TASK GOAL: Beginning with the first line of the data below, extract each line up to and including the one containing "Delincuente violento con". Copy them exactly and add nothing.

DATA FOR THIS EXERCISE:

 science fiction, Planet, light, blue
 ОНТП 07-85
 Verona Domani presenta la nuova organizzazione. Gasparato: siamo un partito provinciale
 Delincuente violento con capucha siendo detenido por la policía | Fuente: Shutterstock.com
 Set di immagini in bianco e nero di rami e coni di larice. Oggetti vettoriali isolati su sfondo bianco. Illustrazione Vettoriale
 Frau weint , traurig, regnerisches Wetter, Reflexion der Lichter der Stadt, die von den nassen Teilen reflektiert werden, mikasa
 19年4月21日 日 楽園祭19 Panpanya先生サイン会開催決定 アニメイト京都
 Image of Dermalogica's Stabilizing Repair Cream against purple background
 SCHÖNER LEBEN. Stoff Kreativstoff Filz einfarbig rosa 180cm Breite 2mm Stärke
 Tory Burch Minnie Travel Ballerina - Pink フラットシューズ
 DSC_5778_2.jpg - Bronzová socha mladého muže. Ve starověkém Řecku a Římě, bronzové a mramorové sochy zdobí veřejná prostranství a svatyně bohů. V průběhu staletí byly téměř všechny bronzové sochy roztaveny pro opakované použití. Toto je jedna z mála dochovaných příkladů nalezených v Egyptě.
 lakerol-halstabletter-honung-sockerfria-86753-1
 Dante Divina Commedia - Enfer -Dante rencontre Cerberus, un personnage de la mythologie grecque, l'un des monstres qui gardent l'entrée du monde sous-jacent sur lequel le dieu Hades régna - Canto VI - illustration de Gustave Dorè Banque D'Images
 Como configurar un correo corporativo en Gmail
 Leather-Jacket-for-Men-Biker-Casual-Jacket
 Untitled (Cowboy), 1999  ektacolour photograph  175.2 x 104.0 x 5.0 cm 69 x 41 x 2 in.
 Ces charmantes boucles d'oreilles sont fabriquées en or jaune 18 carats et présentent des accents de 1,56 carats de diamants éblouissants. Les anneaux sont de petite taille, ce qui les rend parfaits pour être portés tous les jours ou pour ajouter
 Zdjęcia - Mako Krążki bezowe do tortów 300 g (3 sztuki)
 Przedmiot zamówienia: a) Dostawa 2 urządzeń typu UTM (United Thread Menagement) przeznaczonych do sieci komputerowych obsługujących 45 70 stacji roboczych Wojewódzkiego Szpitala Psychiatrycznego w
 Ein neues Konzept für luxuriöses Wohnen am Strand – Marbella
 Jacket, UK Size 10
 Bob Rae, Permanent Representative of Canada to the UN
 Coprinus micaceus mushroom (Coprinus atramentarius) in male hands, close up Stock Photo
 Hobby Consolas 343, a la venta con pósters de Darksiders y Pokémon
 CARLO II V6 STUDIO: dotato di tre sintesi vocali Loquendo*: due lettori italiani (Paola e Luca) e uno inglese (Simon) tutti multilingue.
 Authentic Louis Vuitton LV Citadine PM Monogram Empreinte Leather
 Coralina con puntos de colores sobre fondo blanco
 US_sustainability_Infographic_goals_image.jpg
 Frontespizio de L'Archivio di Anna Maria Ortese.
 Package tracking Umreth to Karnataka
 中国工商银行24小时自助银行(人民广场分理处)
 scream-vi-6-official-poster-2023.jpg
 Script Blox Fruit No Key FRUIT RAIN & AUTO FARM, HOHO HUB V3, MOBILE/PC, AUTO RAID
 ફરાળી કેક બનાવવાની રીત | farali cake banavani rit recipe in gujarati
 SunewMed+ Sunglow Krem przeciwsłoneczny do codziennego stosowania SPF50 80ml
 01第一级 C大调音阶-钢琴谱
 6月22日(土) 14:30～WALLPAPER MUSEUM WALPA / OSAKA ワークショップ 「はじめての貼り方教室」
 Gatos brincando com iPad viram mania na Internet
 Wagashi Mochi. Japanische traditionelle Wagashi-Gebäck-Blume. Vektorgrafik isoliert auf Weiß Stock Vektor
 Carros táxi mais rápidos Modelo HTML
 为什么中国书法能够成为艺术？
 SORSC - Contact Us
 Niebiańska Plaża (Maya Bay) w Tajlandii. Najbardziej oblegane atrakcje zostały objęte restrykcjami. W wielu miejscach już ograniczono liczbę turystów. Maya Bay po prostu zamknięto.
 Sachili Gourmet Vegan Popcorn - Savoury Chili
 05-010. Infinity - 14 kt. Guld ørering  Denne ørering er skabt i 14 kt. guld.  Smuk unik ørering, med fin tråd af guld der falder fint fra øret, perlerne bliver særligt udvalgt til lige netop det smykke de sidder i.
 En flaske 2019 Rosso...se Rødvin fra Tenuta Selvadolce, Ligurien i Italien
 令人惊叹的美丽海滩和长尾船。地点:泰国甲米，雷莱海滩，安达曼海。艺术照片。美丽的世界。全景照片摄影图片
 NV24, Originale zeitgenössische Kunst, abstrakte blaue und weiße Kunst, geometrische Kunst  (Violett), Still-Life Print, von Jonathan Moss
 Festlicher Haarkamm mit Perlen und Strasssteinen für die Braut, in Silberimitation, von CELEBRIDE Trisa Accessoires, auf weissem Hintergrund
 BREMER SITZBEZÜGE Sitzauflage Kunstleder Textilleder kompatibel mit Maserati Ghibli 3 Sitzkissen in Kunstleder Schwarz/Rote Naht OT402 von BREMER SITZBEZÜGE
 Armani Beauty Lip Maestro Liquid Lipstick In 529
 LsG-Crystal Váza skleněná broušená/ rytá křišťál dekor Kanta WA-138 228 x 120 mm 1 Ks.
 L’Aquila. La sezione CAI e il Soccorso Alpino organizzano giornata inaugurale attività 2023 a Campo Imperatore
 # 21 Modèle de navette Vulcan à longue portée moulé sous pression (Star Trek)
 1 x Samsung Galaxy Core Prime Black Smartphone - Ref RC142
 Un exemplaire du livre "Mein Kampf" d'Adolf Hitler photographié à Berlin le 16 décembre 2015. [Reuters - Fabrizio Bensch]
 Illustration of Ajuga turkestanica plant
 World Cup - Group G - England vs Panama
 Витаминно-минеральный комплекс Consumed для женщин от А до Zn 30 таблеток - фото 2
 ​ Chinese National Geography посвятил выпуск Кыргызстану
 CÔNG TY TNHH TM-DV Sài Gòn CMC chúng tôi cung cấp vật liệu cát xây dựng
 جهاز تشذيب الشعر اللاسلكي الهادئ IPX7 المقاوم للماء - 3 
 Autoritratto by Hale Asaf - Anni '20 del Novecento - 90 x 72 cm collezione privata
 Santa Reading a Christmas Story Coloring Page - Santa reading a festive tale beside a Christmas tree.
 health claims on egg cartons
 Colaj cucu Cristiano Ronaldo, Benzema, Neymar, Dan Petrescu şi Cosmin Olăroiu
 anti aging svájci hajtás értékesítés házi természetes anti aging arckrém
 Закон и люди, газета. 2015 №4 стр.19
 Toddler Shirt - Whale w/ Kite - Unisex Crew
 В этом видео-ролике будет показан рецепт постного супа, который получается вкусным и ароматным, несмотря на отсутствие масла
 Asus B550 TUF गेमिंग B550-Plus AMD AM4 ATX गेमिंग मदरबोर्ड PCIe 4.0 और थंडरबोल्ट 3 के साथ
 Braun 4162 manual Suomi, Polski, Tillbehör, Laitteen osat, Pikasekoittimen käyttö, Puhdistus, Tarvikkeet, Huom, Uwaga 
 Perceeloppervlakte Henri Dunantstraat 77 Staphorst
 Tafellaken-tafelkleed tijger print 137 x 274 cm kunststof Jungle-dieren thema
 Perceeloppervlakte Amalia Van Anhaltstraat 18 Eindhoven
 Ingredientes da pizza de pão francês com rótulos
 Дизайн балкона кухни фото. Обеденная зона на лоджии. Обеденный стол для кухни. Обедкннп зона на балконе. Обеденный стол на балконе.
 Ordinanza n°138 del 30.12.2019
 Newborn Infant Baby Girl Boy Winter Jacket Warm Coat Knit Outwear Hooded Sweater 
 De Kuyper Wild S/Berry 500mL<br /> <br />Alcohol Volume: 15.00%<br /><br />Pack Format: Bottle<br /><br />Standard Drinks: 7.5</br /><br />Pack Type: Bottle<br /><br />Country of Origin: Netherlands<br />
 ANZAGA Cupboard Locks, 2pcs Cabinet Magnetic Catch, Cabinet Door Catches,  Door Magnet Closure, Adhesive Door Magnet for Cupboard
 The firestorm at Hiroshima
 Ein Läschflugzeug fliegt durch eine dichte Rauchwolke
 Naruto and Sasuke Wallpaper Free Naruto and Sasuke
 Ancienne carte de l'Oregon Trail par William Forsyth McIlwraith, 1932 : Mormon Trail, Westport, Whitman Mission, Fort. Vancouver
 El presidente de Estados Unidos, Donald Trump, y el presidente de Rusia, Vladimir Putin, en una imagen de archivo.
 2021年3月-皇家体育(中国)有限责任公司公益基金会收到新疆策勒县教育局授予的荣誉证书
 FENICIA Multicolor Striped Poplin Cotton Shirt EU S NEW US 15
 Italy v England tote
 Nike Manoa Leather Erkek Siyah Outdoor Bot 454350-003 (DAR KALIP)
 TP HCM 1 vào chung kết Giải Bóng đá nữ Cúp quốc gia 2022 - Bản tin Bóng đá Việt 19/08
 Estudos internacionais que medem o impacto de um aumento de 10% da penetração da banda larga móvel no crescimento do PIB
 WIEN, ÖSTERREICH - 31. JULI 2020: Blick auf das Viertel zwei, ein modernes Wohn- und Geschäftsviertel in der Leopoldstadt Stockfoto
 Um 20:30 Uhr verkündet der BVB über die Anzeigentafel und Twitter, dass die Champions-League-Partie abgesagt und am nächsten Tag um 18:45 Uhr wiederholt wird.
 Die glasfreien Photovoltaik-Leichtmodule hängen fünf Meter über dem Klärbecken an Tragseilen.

WRITTEN SOLUTION:
 science fiction, Planet, light, blue
 ОНТП 07-85
 Verona Domani presenta la nuova organizzazione. Gasparato: siamo un partito provinciale
 Delincuente violento con capucha siendo detenido por la policía | Fuente: Shutterstock.com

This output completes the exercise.